This dataset is prepared by the Evidence Targeted Automation team (gfe_eta@bom.gov.au) from the Science to Services Group, using forecast data obtained from the ADFD and observational data obtained from the Australian Data Archive for Meteorology (ADAM). This dataset focuses on the comparison of temperature, rainfall and wind forecasts against observations over land at the surface level, and includes data for an approximately three year-long period from May 2017 to April 2018.

Forecast weather elements include temperature, maximum and minimum temperature, rainfall probabilities and rainfall amounts, dew point, relative humidity wind magnitude and wind direction. Different forecast products have different time resolutions. For example, temperature forecasts are made for each hour, while maximum and minimum temperature forecasts are made for each day. The native time resolutions of forecast products are preserved in this dataset.

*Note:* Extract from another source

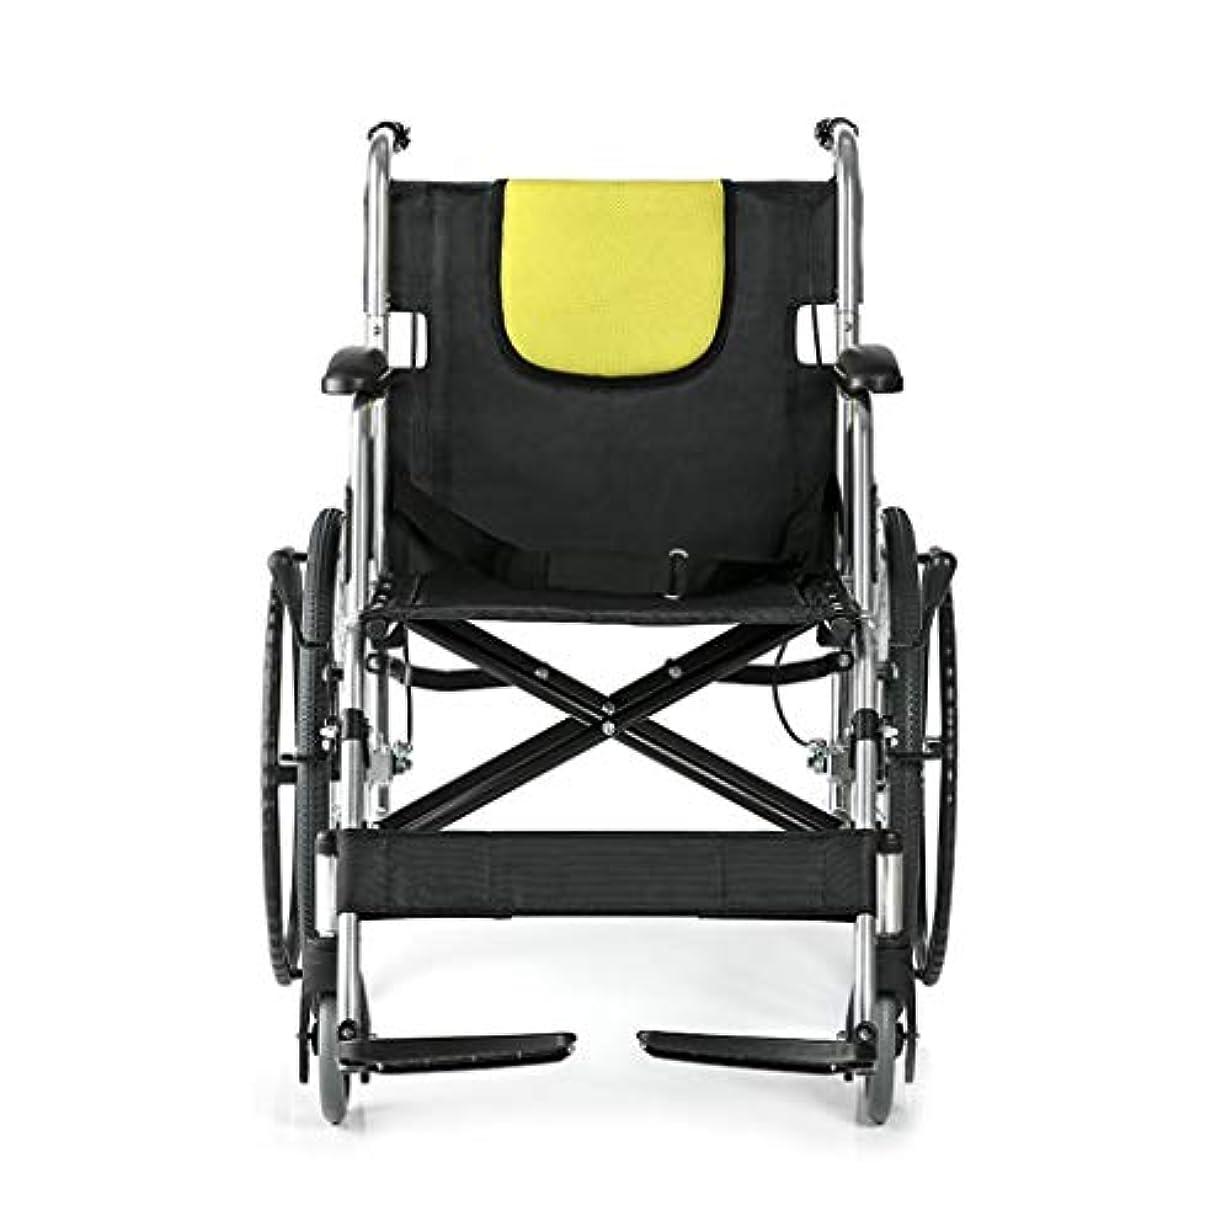 同行勇敢なぬいぐるみ車椅子の老人は折り畳むことができ、障害者、高齢者、リハビリテーション患者向けの車椅子用に4つのブレーキが設計されています

Observation data is provided from ~500 automatic weather stations (AWS) throughout Australia. AWS observations data have a native time resolution of one minute, and report the current air temperature, precipitation, dew point, relative humidity, wind magnitude and wind direction, amongst other weather elements not included in this dataset. The one-minute data are aggregated here to hourly blocks so that the observations can be directly compared against forecasts. For certain forecast elements (e.g. daily maximum temperature), additional aggregation of hourly AWS data will be needed to compare against forecasts.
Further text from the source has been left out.